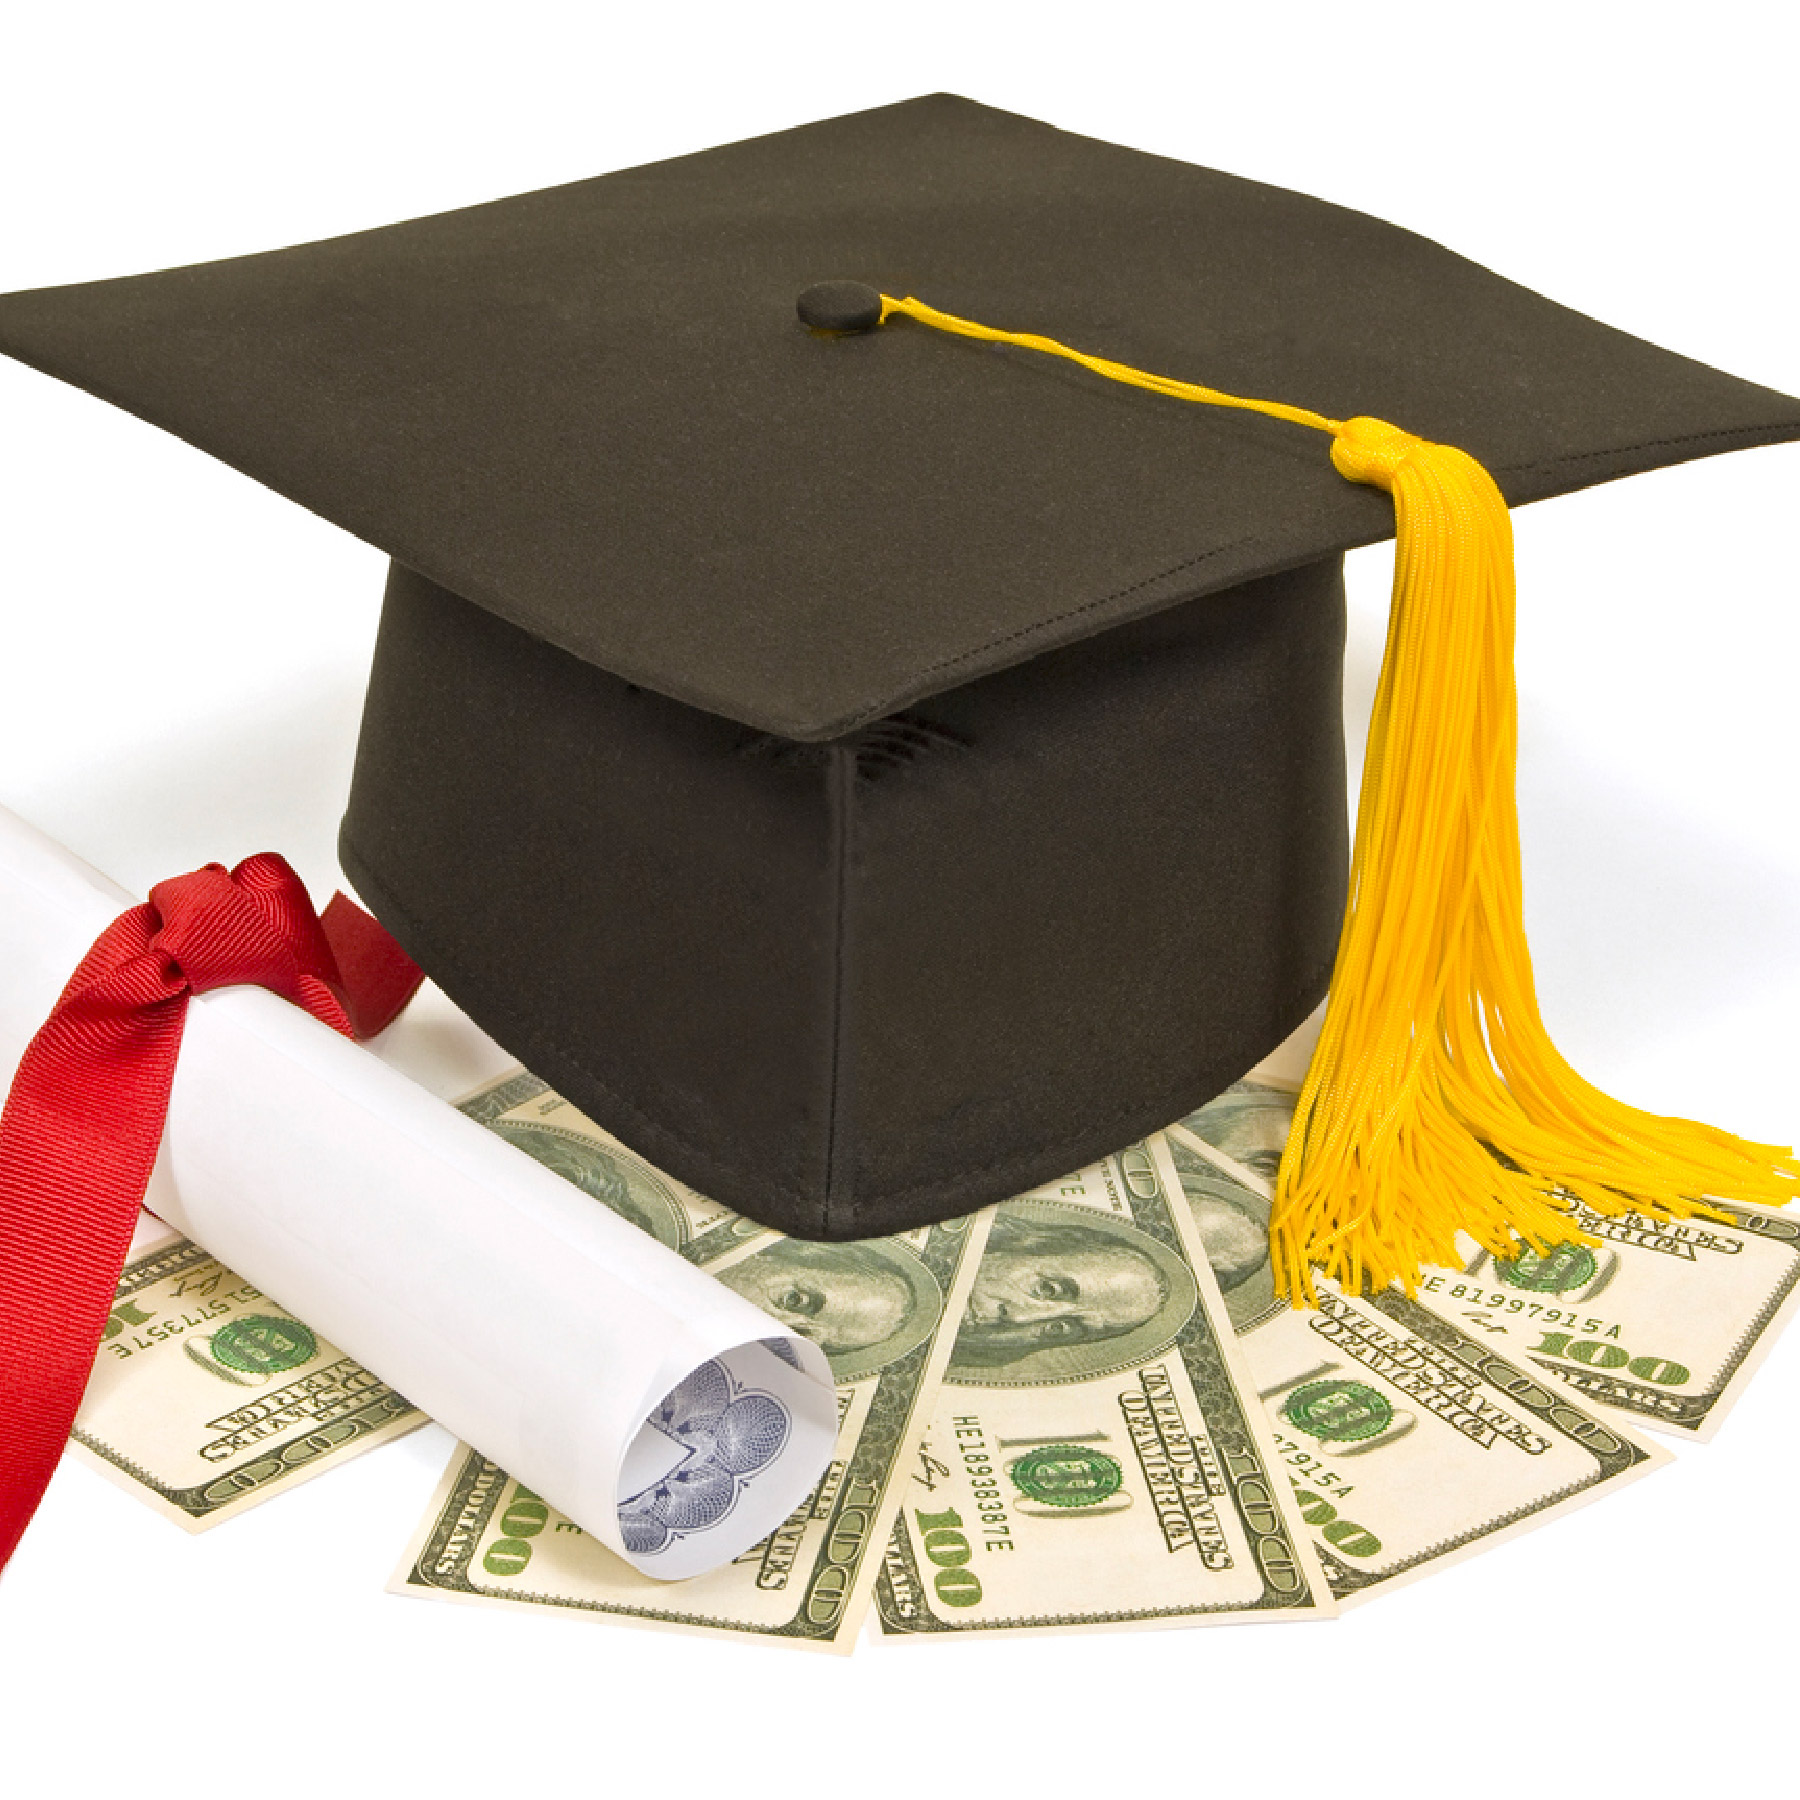 Graduation cap and diploma on top on money
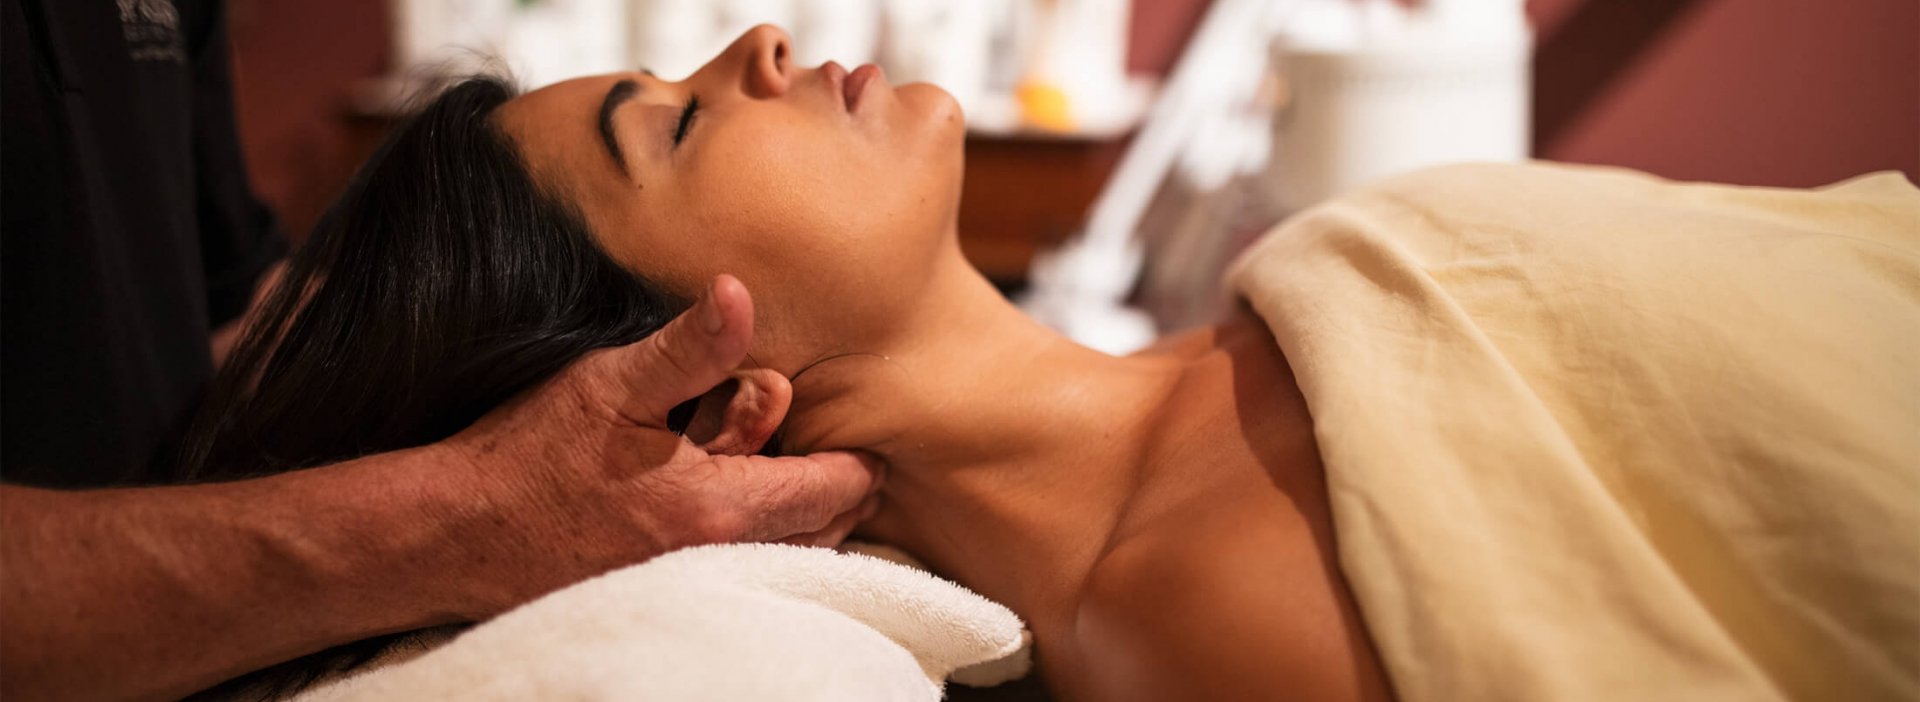 Why go to a Spa? To detoxify, moisturize and renew body, mind and spirit
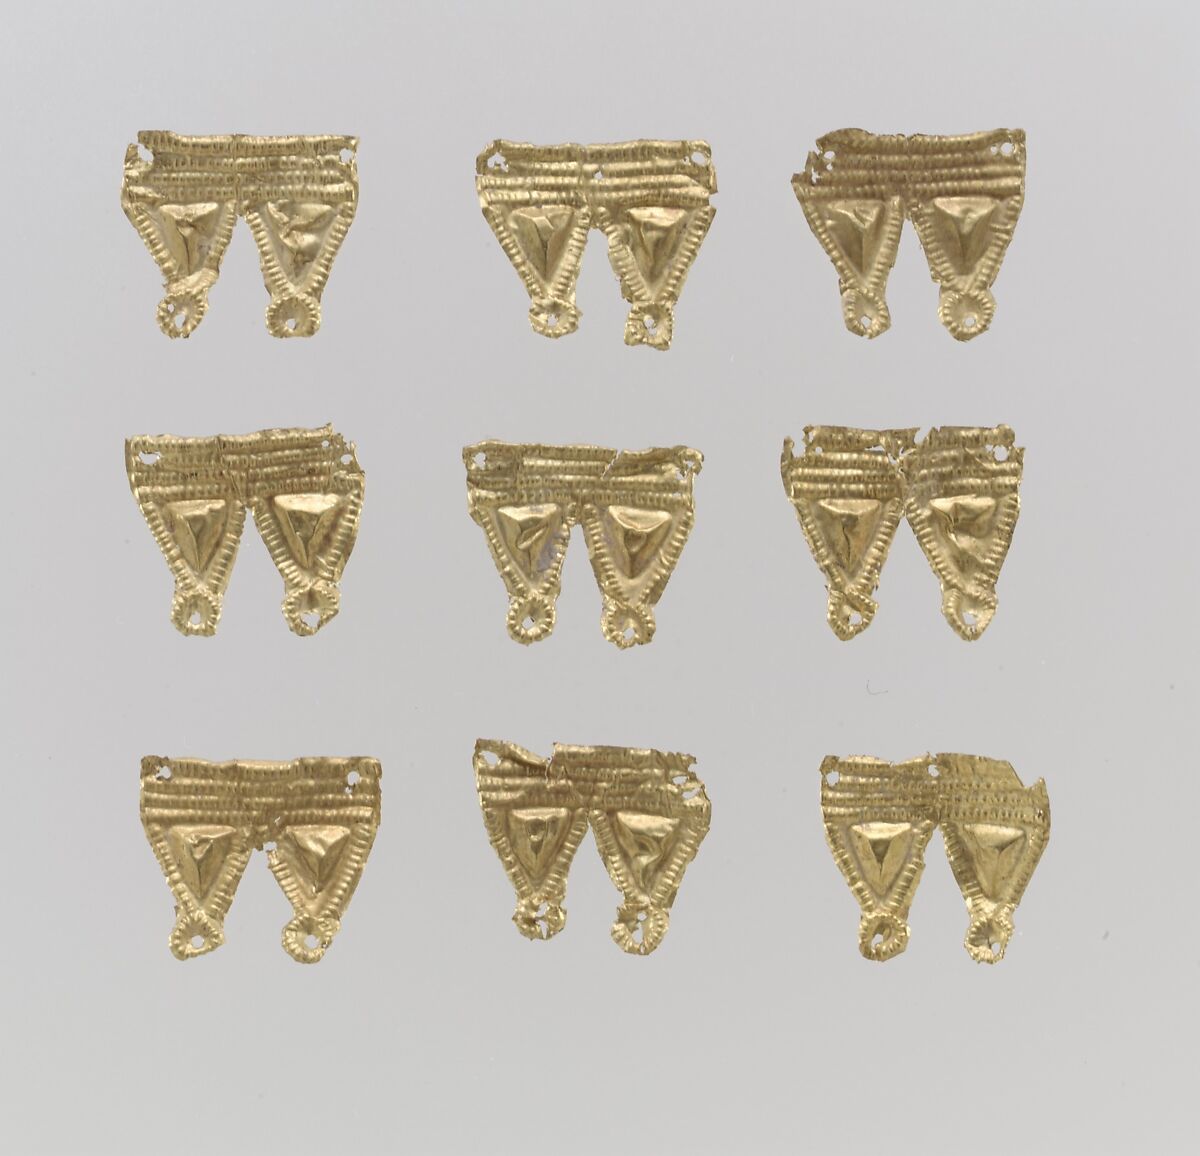 Bead ornaments, two triangles joined, 25, Gold, East Germanic or nomadic (?) 
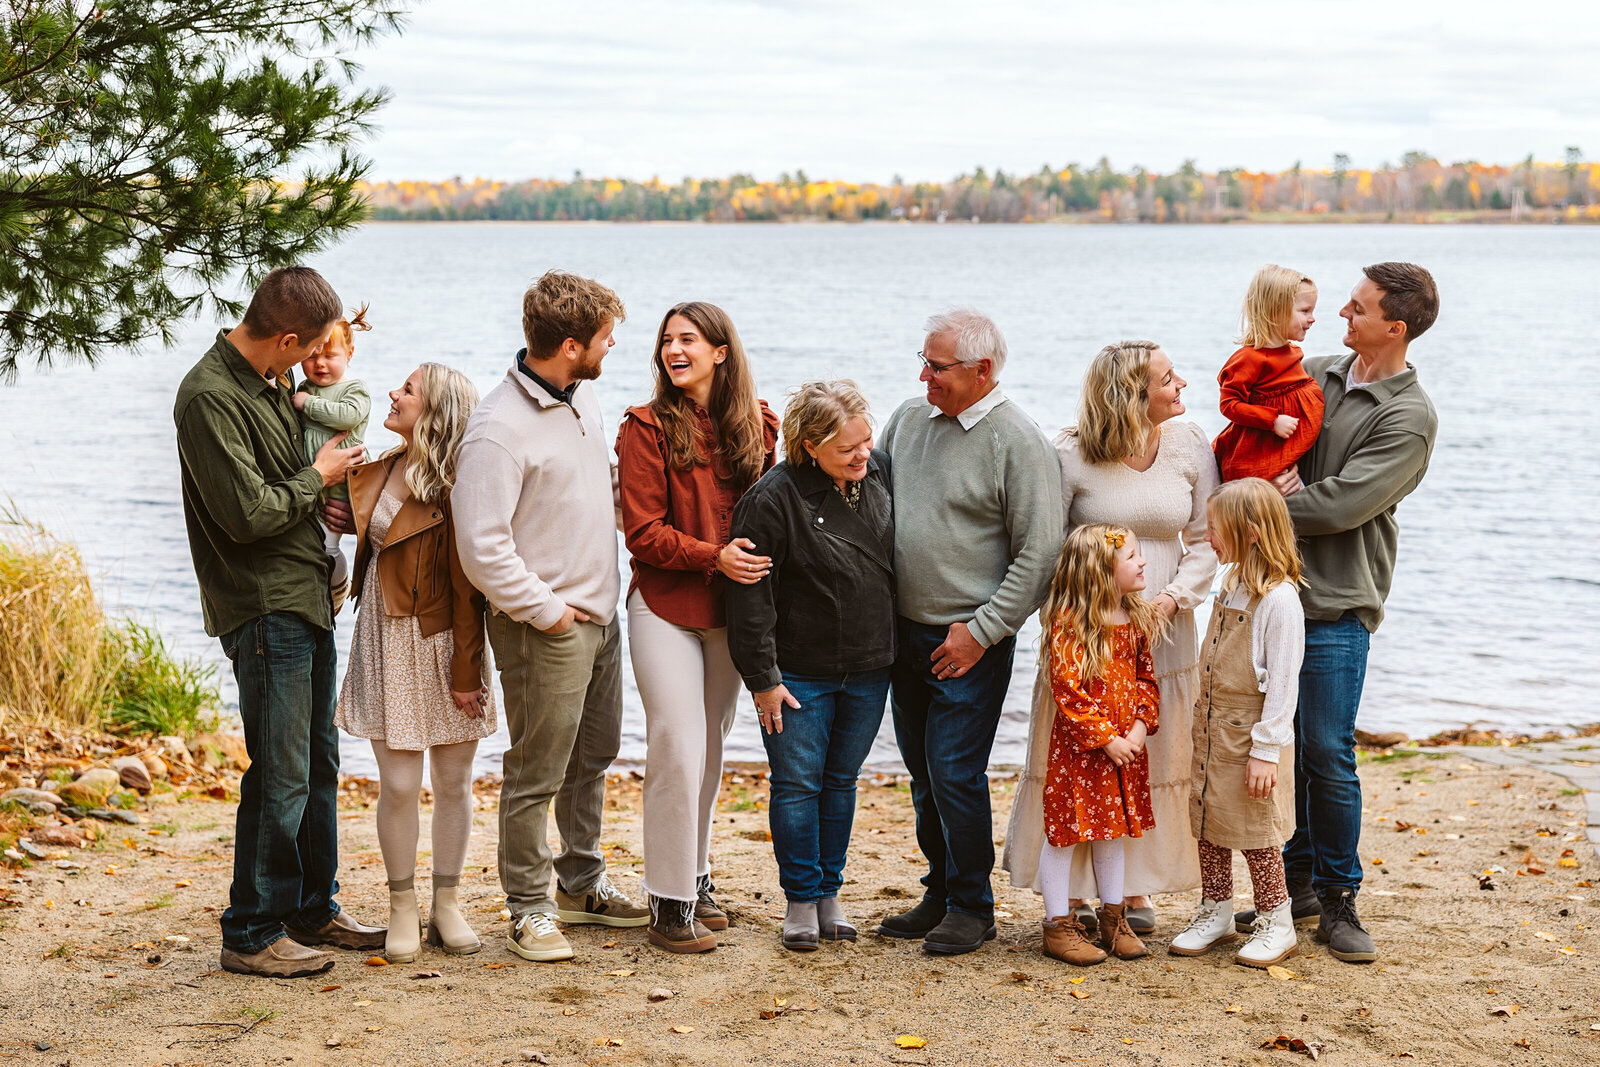 Extended family members smiling at each other - Park Rapids, Minnesota

****

# EXERCISE DIRECTIONS:
When repeating the material above, keep every line exact and drop all pictures.

# ANSWER SECTION:
 Graduation cap and diploma on top on money
 Why go to a Spa? To detoxify, moisturize and renew body, mind and spirit
 Bead ornaments, two triangles joined, 25, Gold, East Germanic or nomadic (?) 
 Extended family members smiling at each other - Park Rapids, Minnesota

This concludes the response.